Male: What are you getting all stewed over?
Female: *another bone-jarring TWHACK*
Male: *into cell phone*..Ow..we have debris..I say again, we have debris!
Female: one more bad pun, and you're gonna think DEBRIS, lizard lips...
Before the climax ripens -- and before he finds himself in the soup and she can paste him for one more pun -- the movie is wisely cancelled by Paramount, only to be picked up by The Cartoon Channel and the South Park gang.
"Is NOT!"
Night of the Tomatoes. A real chili-ing meterological thriller.
*TWHACK* Ow...
*this appears borrowed from the movie Twister, only more poorly-written..."IS NOT!"
Labels: bad movie script, humor, killer tomatoes, Seymour the pet rock, tornadoes, Twister
12 Comments:
Me thinks he has been hitting the "sauce"!! Sorry! Couldn't help myself!
Hugs
SueAnn
I remember Herman Farbage...http://www.youtube.com/watch?v=Wfm3_BMinhg
That was hilarious. It could go another way and become a spaghetti western!
A spagetti western would require suitable music...The Good..The Bad..The Ludicrous.."am NOT!"
"She's so meterologically sexy when she talks like that"
Hah! Who knew this even possible :).
I detect quite a bit of chemistry here, any chance your pet rock Seymour might get a mommy out of this???
Debbie
Right Truth
http://www.righttruth.typepad.com
Aww. You adopted Seymour from Hong Kong, now, didn't you? What a guy you are. Tell Seymour his very original action flick would get my Academy vote.
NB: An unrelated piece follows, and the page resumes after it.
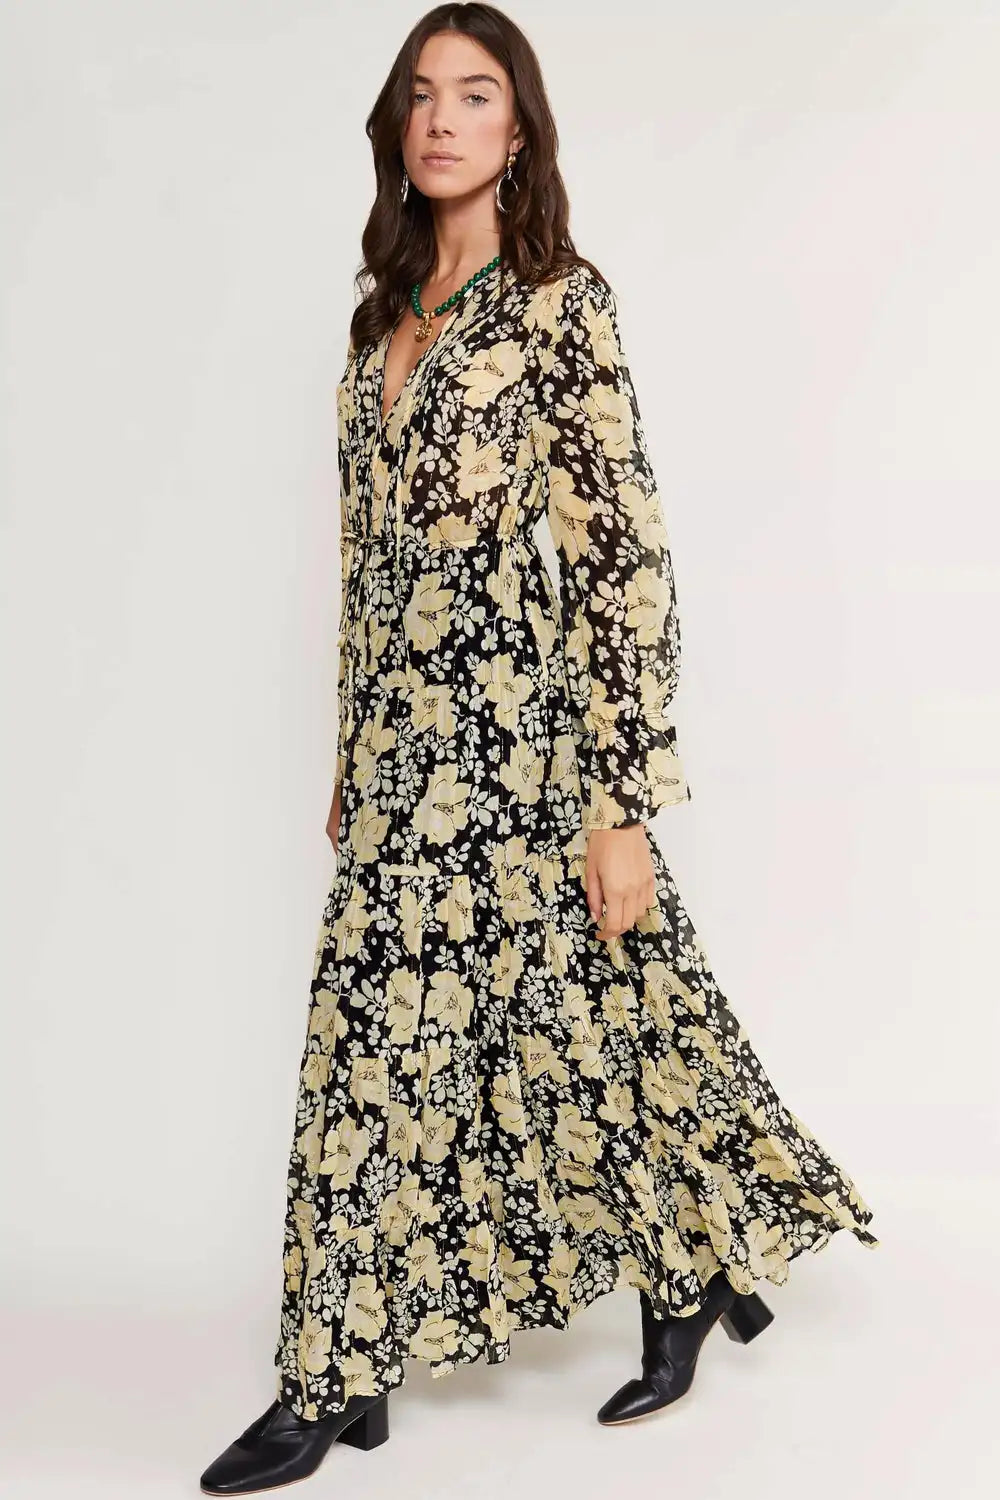 This Indigo Midi Dress is a must-have for any fashion lover. Handmade by a high-end designer, it exudes quality and sophistication. Perfect for shopping or banquets, its unique printed design will turn heads and make you stand out. Upgrade your wardrobe with this stunning and versatile dress today.

A pet rock that writes scrips? Wow, this is seriously trippy! (fetching my bowl of popcorn and pulling up a seat..)
Shrinky, think twice about that...he's trying to come up with what he calls a "quadigy", in the vein of Indiana Jones, but without the entertainment value..."am NOT!"
I think Seymour did a great job on the script. I would watch it...the plot is juicy any way you slice it. Lettuce give him credit. (now I'm craving a BLT).
Leeuna, would you like a side of fries widdat?
When I think back over other "Night of" movies and other non-human attacks, his movie idea doesn't sound any worse than theirs.